Module 2: Data management

Objectives

At the successful completion of the course student should be able to

  • Prepare a dataset that can be used for analysis using R
  • Define and apply basic concepts in database management
  • Use SQL and NoSQL to perform simple queries to extract data.

Content

  • Data munging with R:
  • Introduction to database concepts
  • Introduction to SQL
  • Introduction to NoSQL

Evaluation

The Course 2 would be evaluated based on a mini quiz.

Module 3: Introduction to Statistical models

Objectives

At the successful completion of the course, student should be able to explain components of basic statistical models, identify and apply suitable models to analyze data.

Content

  • Introduction to statistical modeling
  • Linear regression model
  • Logistic regression model
  • Clustering
  • Dimension reduction (PCA, FA)
  • Time series

Evaluation

The Course 3 would be evaluated based on a mini quiz.

Module 4: Introduction to Machine Learning

Objectives

At the successful completion of the course, student should be able to apply basic machine learning algorithms to analyze data.

Content

  • Comparison of statistical models and machine learning algorithms
  • Comparison of supervised learning vs unsupervised learning
  • Cross-validation methods
  • Unsupervised learning – Clustering
  • Supervised learning – Classification and value prediction: Random forest
  • Supervised learning – Neural networks
  • Rule based analysis: Apriori, market basket analysis

Evaluation

The Course 4 would be evaluated based on a mini quiz.

Module 5: Special Topics: Data Visualization and Big Data

Objectives

At the successful completion of the course, student should be able to apply data visualization concepts to describe data; define big data and discuss basic concepts in big data analytics.

Content

  • Data visualization process, do’s and don’ts, Annotations, plots: bubble plots, tree maps etc. using Power BI
  • Big data and its applications/case studies
  • Cloud computing and internet of things
  • Distributed file systems and computing : HADOOP technologies

Evaluation

The Course 5 would be evaluated based on a mini quiz.
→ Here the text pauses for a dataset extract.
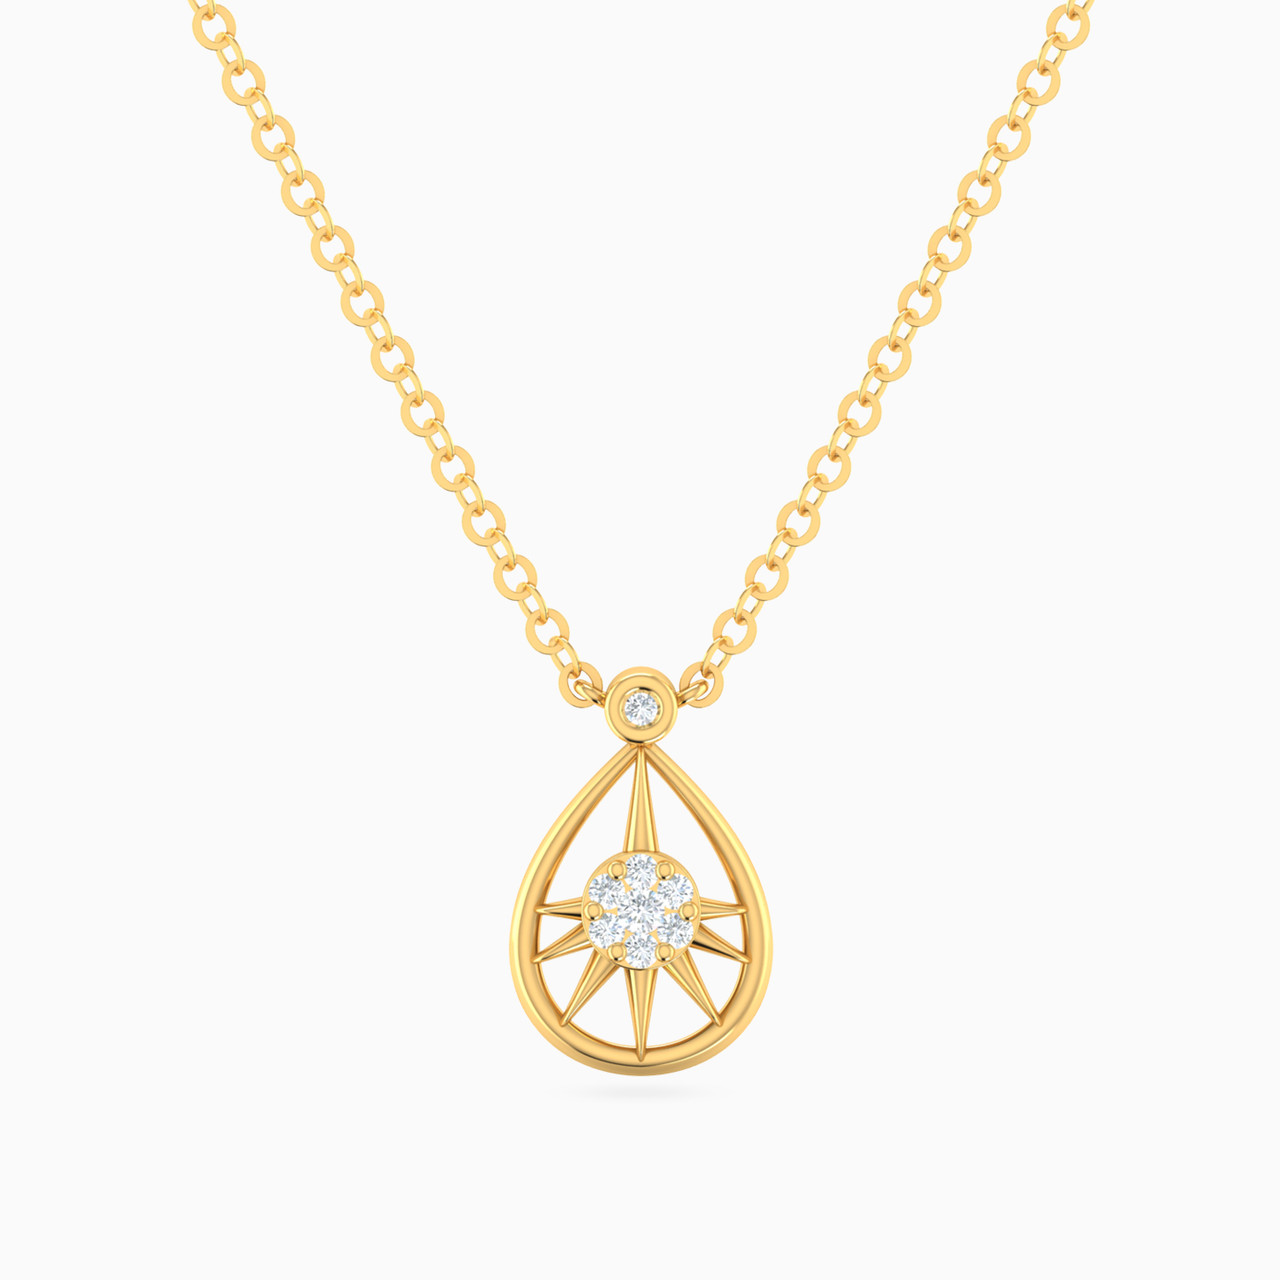 Pear Shaped Diamond Pendant Necklace with 18K Gold Chain

Module 6: Python for Data Science

Objectives

At the successful completion of the course, student should be able to use Python programming language for basic data science applications.

Content

  • Introduction to python and Jupyter notebook
  • Python Basics – Types, Expressions and Variables, String Operations
  • Python programming Fundamentals – Conditions and Branching, Loops, Functions, Objects and Classes
  • Python Data Structures – Lists, Tuples, Sets, and Dictionaries
  • Data analysis, manipulation, and visualization in Python – Numpy, Pandas, Matplotlib, Seaborn 
  • Machine learning and deep learning libraries – Sklearn, Tensorflow, Keras

Evaluation

The Course 6 would be evaluated based on a mini quiz.

Participation Certificate Awarding Criteria

A certificate will be issued upon successful completion of the course with ≥75% of attendance and a ≥50% score obtained on evaluation.

Capstone Project

The participants who successfully complete all six modules are eligible for a capstone project where a dataset will be given to analyze and meet some specific objectives. The participants who meet the minimum requirements (detailed instructions and requirements will be given) will be awarded a specialization certificate in essentials of data science.